*Problem:*
An exact, complete printout of the listing is wanted, minus its images.

*Supplied information:*
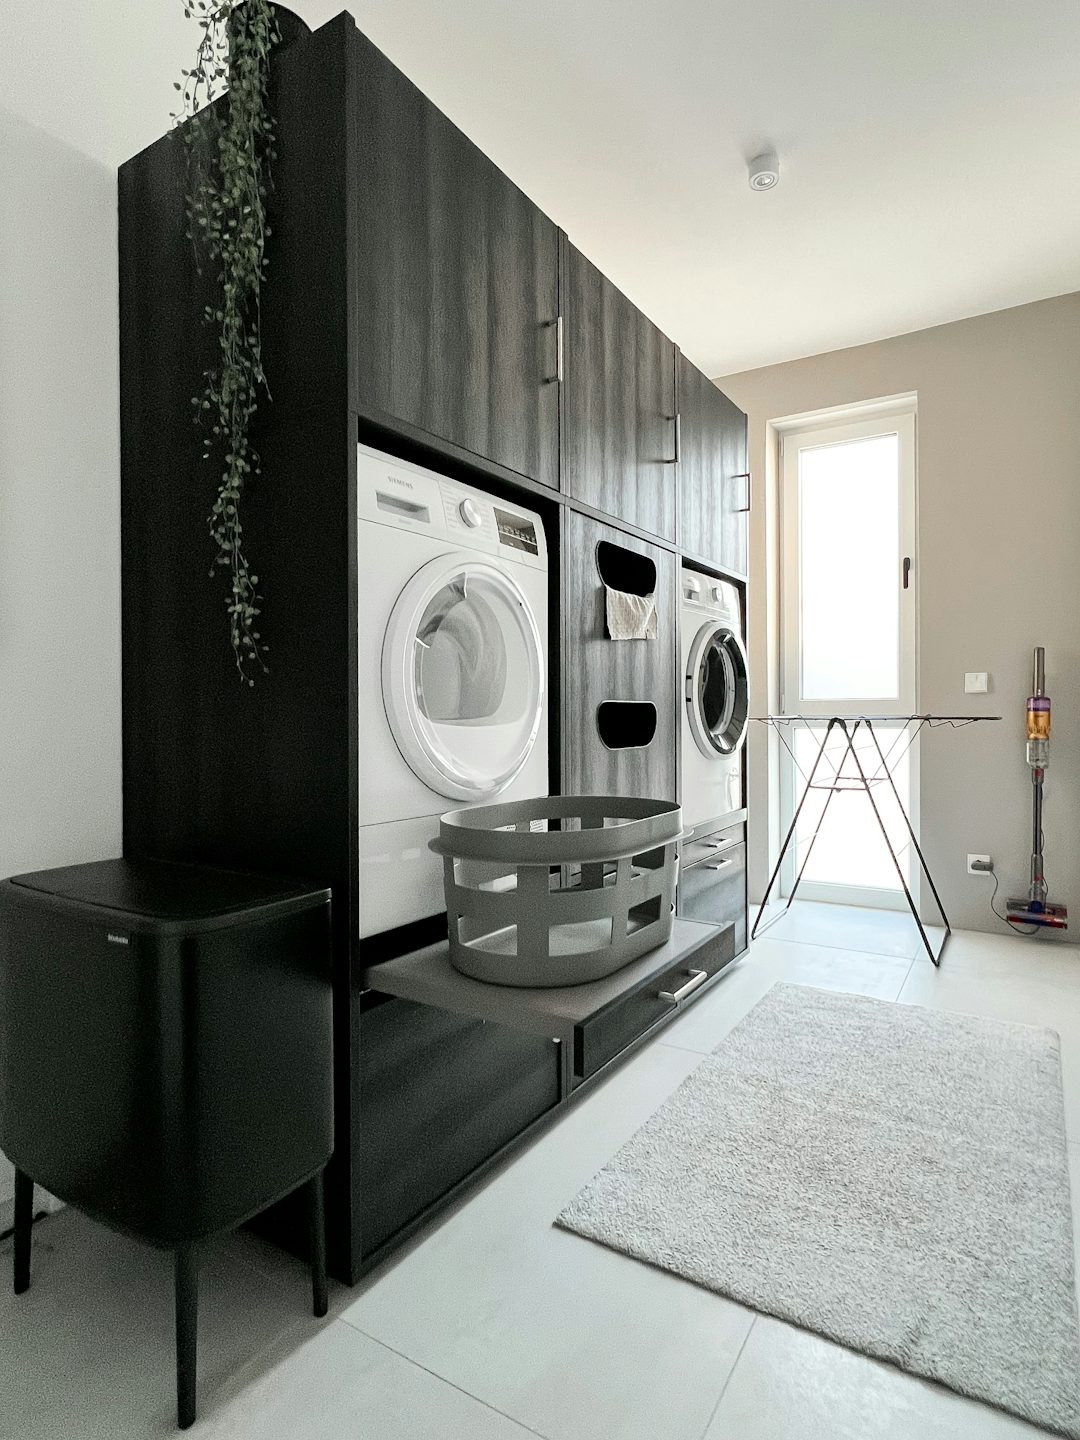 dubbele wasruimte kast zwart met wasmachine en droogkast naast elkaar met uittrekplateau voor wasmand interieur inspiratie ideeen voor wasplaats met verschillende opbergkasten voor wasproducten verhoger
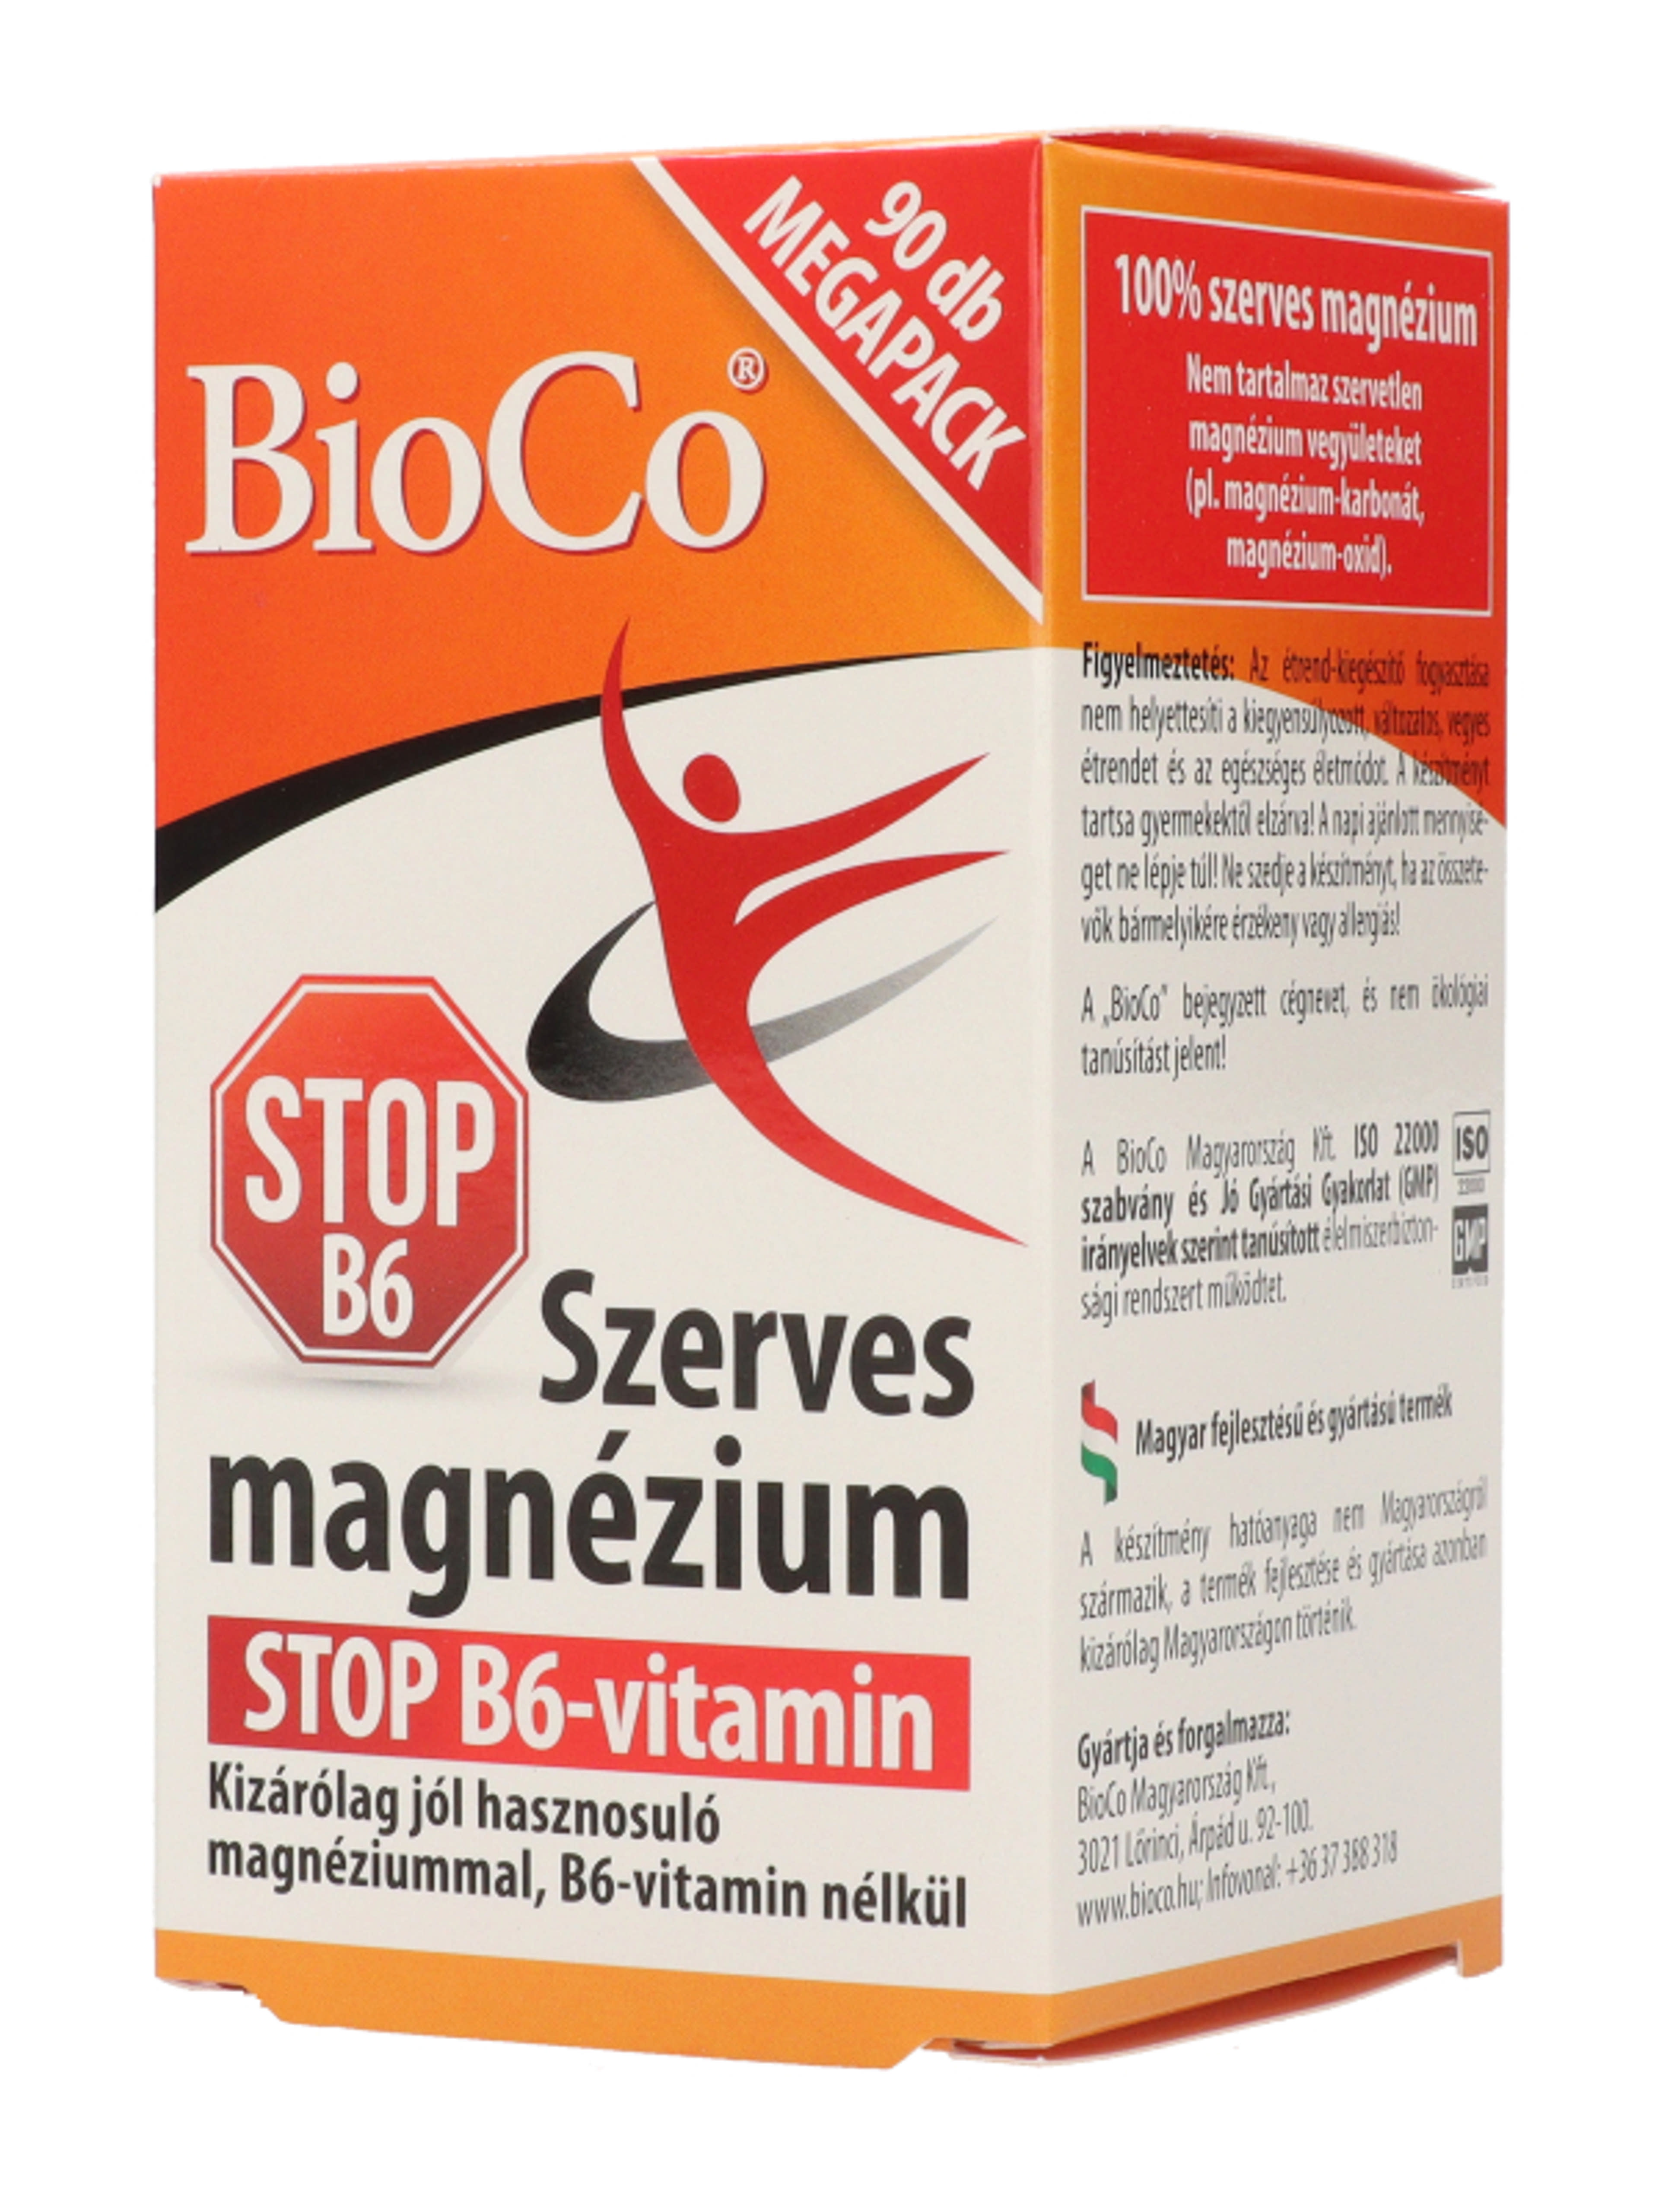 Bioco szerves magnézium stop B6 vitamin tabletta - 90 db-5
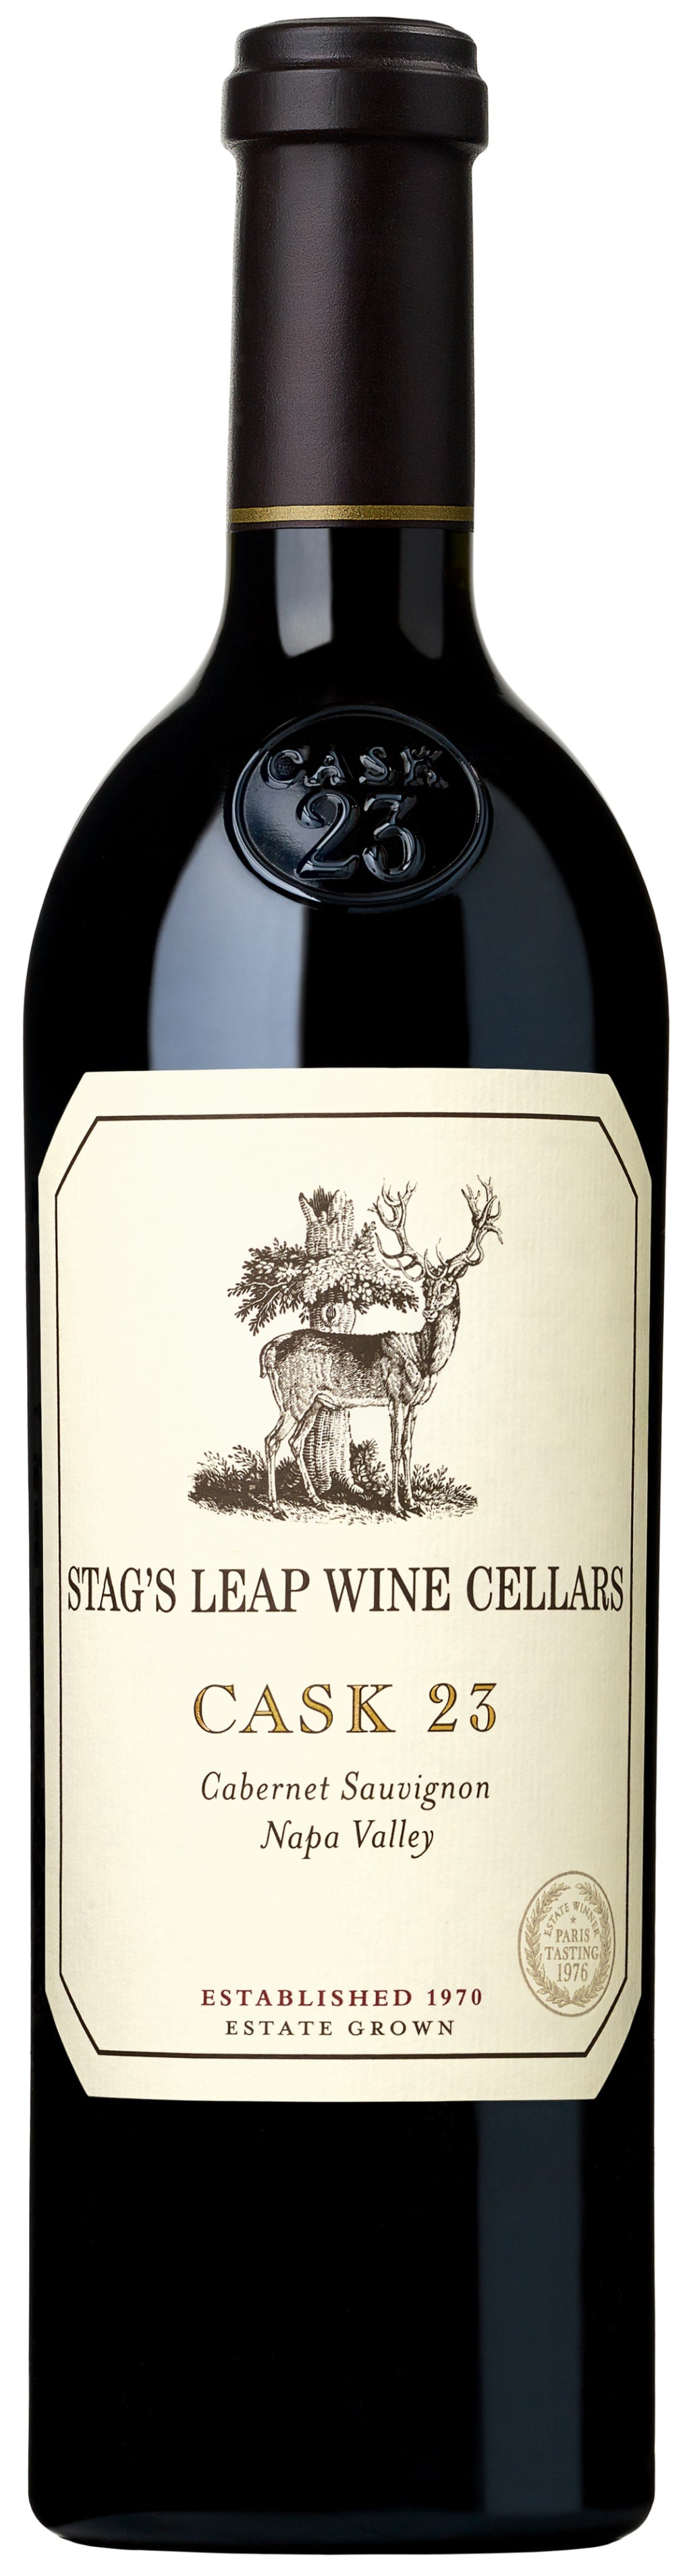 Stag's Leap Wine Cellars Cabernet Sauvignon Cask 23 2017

*Exercise answer:*
 dubbele wasruimte kast zwart met wasmachine en droogkast naast elkaar met uittrekplateau voor wasmand interieur inspiratie ideeen voor wasplaats met verschillende opbergkasten voor wasproducten verhoger
 Bioco szerves magnézium stop B6 vitamin tabletta - 90 db-5
 Stag's Leap Wine Cellars Cabernet Sauvignon Cask 23 2017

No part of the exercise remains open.